By John Maroon
This afternoon the little known sports network, Versus, was re-branded as the NBC Sports Network. This is shaping up to be exciting and could, ultimately, cut into ESPN’s dominance as the driving force behind all sports coverage.
Initially, the primary programming on NBCSN will be the NHL, Major League Soccer and the Tour de France as well as a few hours of NBC’s 2012 Olympics coverage. Don’t snicker at those non-major sports. Any of us old enough to remember ESPN’s early days recall a lot of billiards and rodeo before they started cracking into the big time…and the difference is that NBCSN has the power of NBC and Comcast behind them and it doesn’t get much bigger than that.

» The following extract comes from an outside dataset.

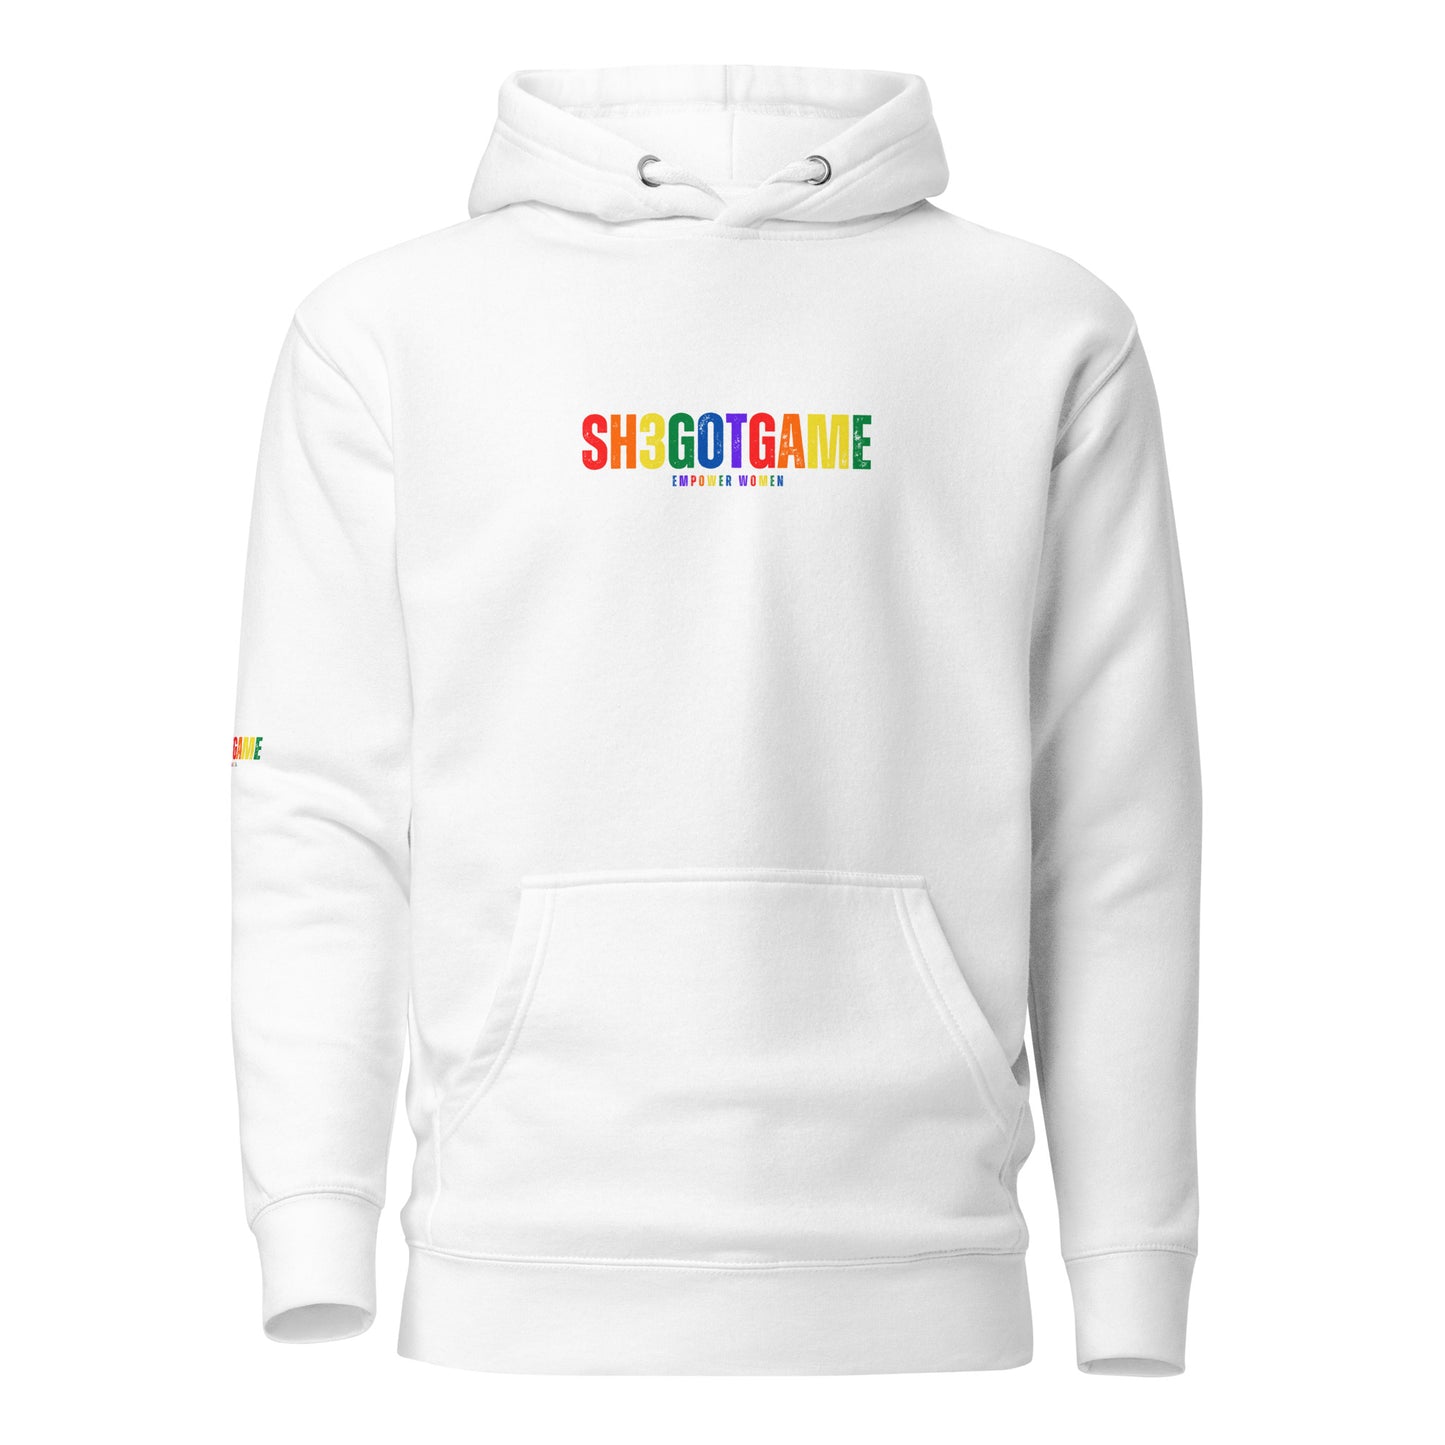 Sh3gotgame Pride Label Hoodie

I hope that they make great strides and provide more options for our sports news. As much as I love ESPN (and I LOVE ESPN!) it is a good thing for them to not necessarily dictate all of the sports news and decide what is and what isn’t newsworthy. It will be good for ESPN too…competition is always positive…it keeps us sharp and creative.
ESPN will always be ESPN and we will tune in and love them, but NBCSN has a chance to make a difference and be a player in a one horse town when it comes to sports reporting. Other networks like Fox and Turner have brilliant sports coverage but they don’t have their own all sports network to tout.
No one news-gathering agency should ever be the lone voice determining news and that is what has happened with ESPN. They are great at it but it just isn’t how it should work.
Back in the 1970’s when newspapers were all powerful one stood above the rest, the New York Times. When they reported on something significant, the following day all the other news gathering agencies would do follow up reports on the Times’ story.
It came to be known as the New York Times effect. Today we have the ESPN effect. If they report on a potential coaching change, off field incident or trade rumor, almost immediately other outlets will report and build upon their story.
Here’s hoping that NBC Sports Network makes some noise and captures our attention and that ESPN continues to work hard and maintain their status as the worldwide leader in sports… if they compete the way the people they cover do, we, the fans, end up winning.